LOTS OF PEOPLE IN COMMONWEALTH COUNTRIES DON'T HAVE ANY GREAT AFFINITY FOR 
THE 'MOTHERLAND' OR THE EMPIRE

Yes, like G/GI0RTN.  I'm not generally a fan of land theft, systematic 
religious persecution or having a national broadcaster that slavishly 
supports the England football team.  Not to mention 834 years of occupation 
and cultural genocide (yes, I'm counting) - I mean, first of all you take 
away our language, then you cram your cities with pseudo-Celtic theme pubs 
with fake Irish sayings stuck on the walls and send your kids off to learn 
the Riverdance.  Make up your minds, folks!

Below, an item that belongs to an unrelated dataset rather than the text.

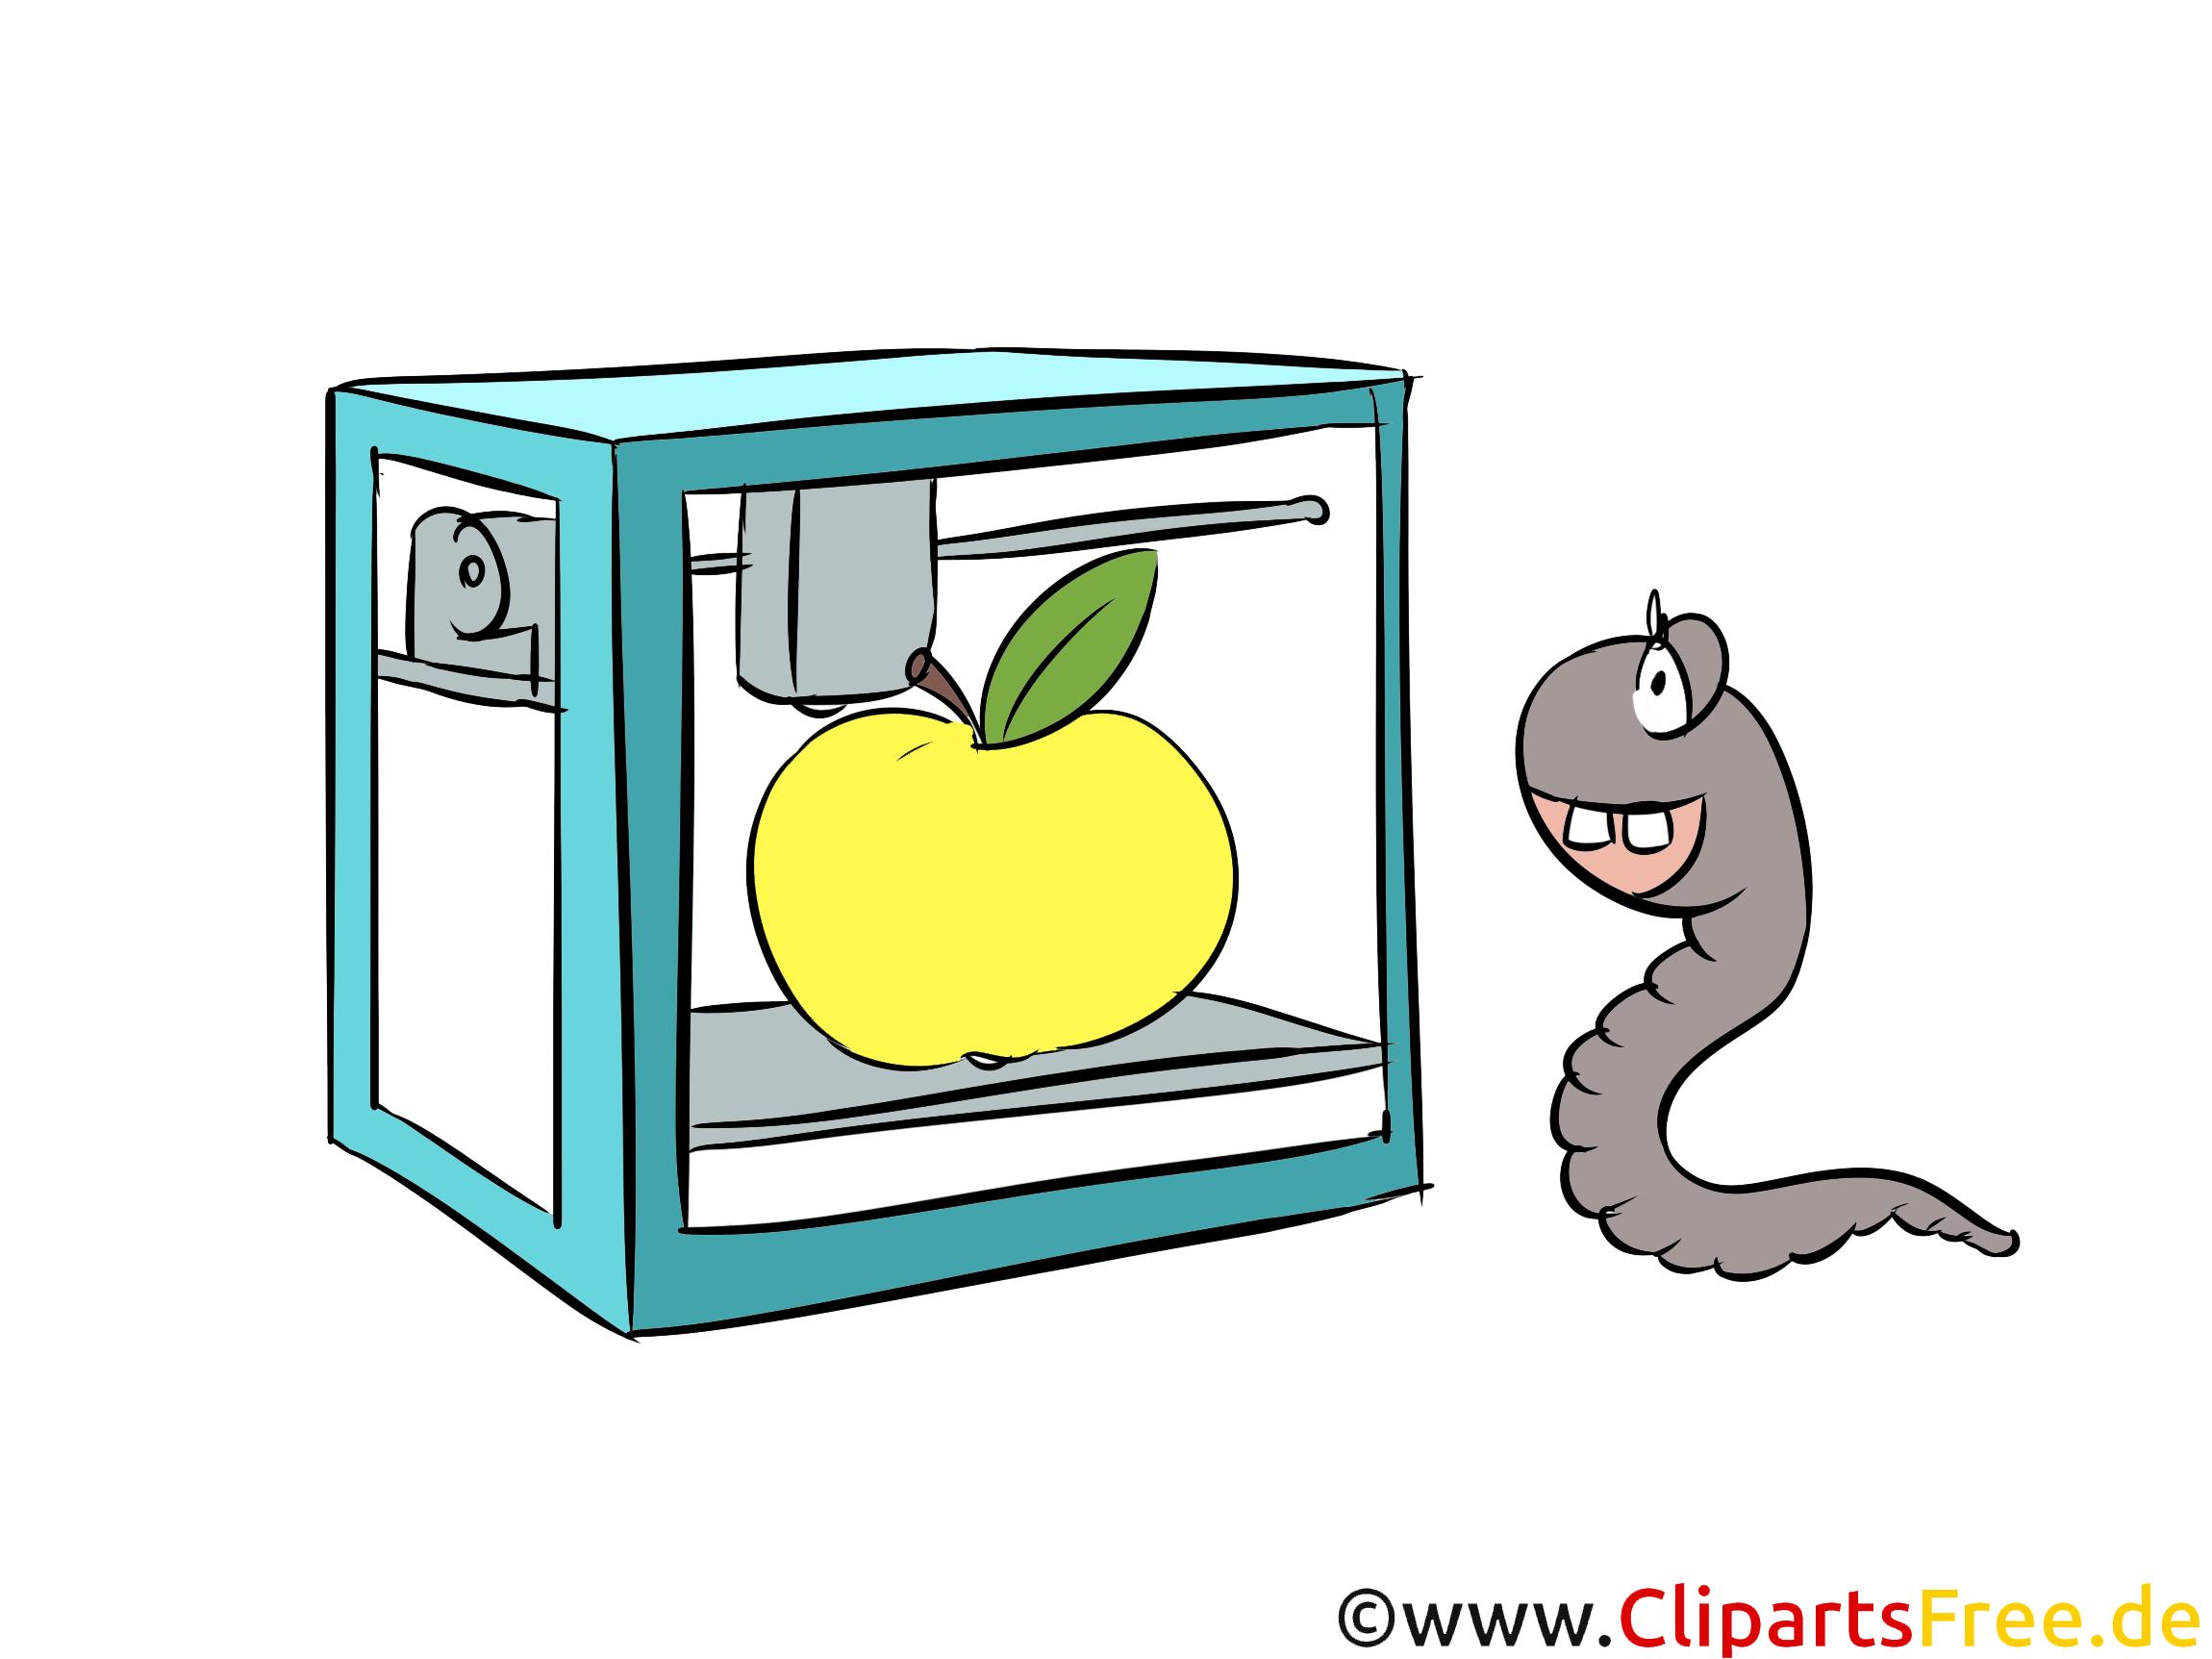 3D-Foodprinter Illustration, Clip Art free

Believe me, if you think ZS6KR has a bit of a thing about the Poms, you've 
never heard me when I'm in the mood.  As for The Commonwealth, it's the most 
pointless international organisation ever invented by man.  It makes ANZUS 
looks like it contributes something to the world.  Hell, it makes the 
Communite Francophone look like it contributes something to the world.  Even 
the Axis at least *did* something other than sitting around in some resort 
town in the Carribean before not making up its mind about whether butchering 
your own citizens was a bad thing.

Selling an amateur radio contest on the basis of politics is silly.  Selling 
it on the basis of being a fiendishly difficult, frustrating, low rate but 
absorbing DX-fest is a bit more likely to attract people to take part.  I 
mean, this radio stuff is what we're all interested in, isn't it?

Besides, that 9H1ZA, he was a bit of a dab hand this one, wasn't he?  What 
was Vlad's connection with the 'motherland'?

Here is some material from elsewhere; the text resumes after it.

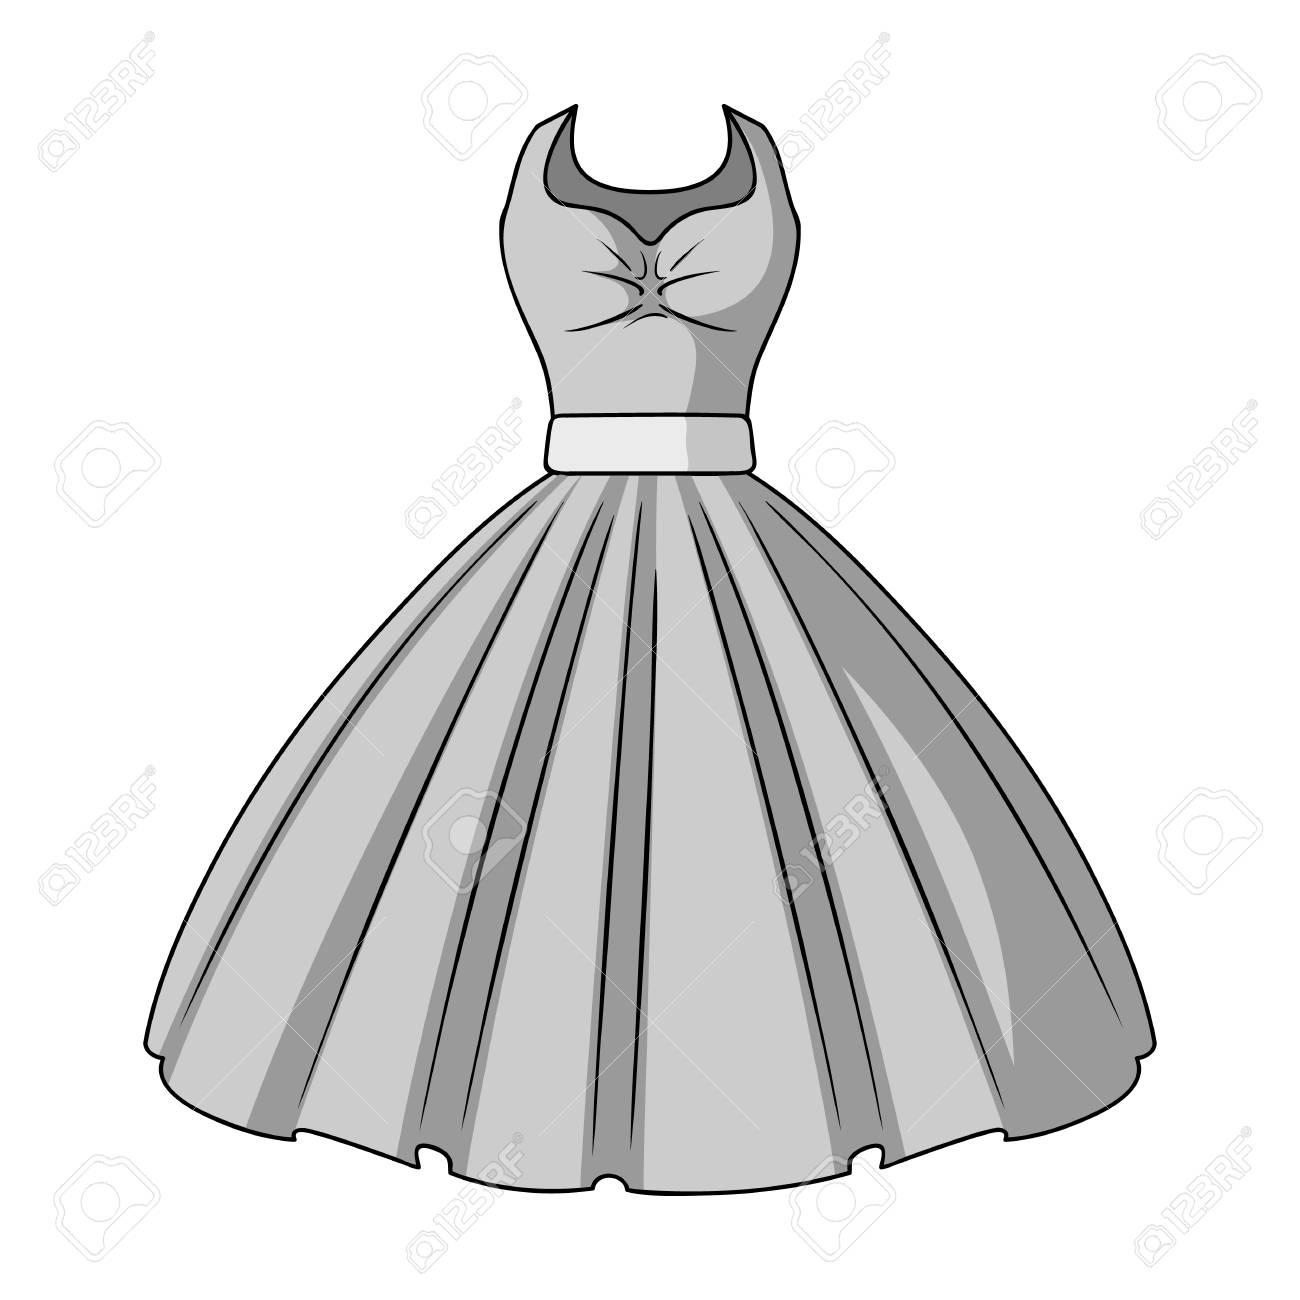 女の子のふわふわの白いウェディング ドレス。結婚式の摩耗。女性の服のモノクロ スタイルで 1 つのアイコン ベクトル シンボル ストック イラストです。

DON'T CALL IT BERU, CALL IT THE COMMONWEALTH CONTEST, TO REFLECT THE NEW 
COMMONWEALTH!

I can never resist a direct comeback at SJJ, but only because I know he's 
game for it. ;-)

Given that the Commonwealth doesn't do anything, the New Commonwealth is 
about sending civil servants on junkets to exotic places to sit around 
drinking cocktails all day.  In fact, I think I agree with this suggestion. 
To promote the Commonwealth Contest's place in the New Commonwealth, I vote 
the HFCC sends a civil servant contester on an all expenses paid contest 
expedition to somewhere exotic for the next year's BERU.  I also vote that 
I'm that civil servant, and would like to note in the margins that Montego 
Bay is lovely in March.

See youse all tomorrow night on 80,

73

Gerry G0RTN
Vanity Page at http://www.gerrylynch.co.uk
"In days of old, when ops were bold, and sidebands not invented,
The word would pass, by pounding brass, and all were well contented."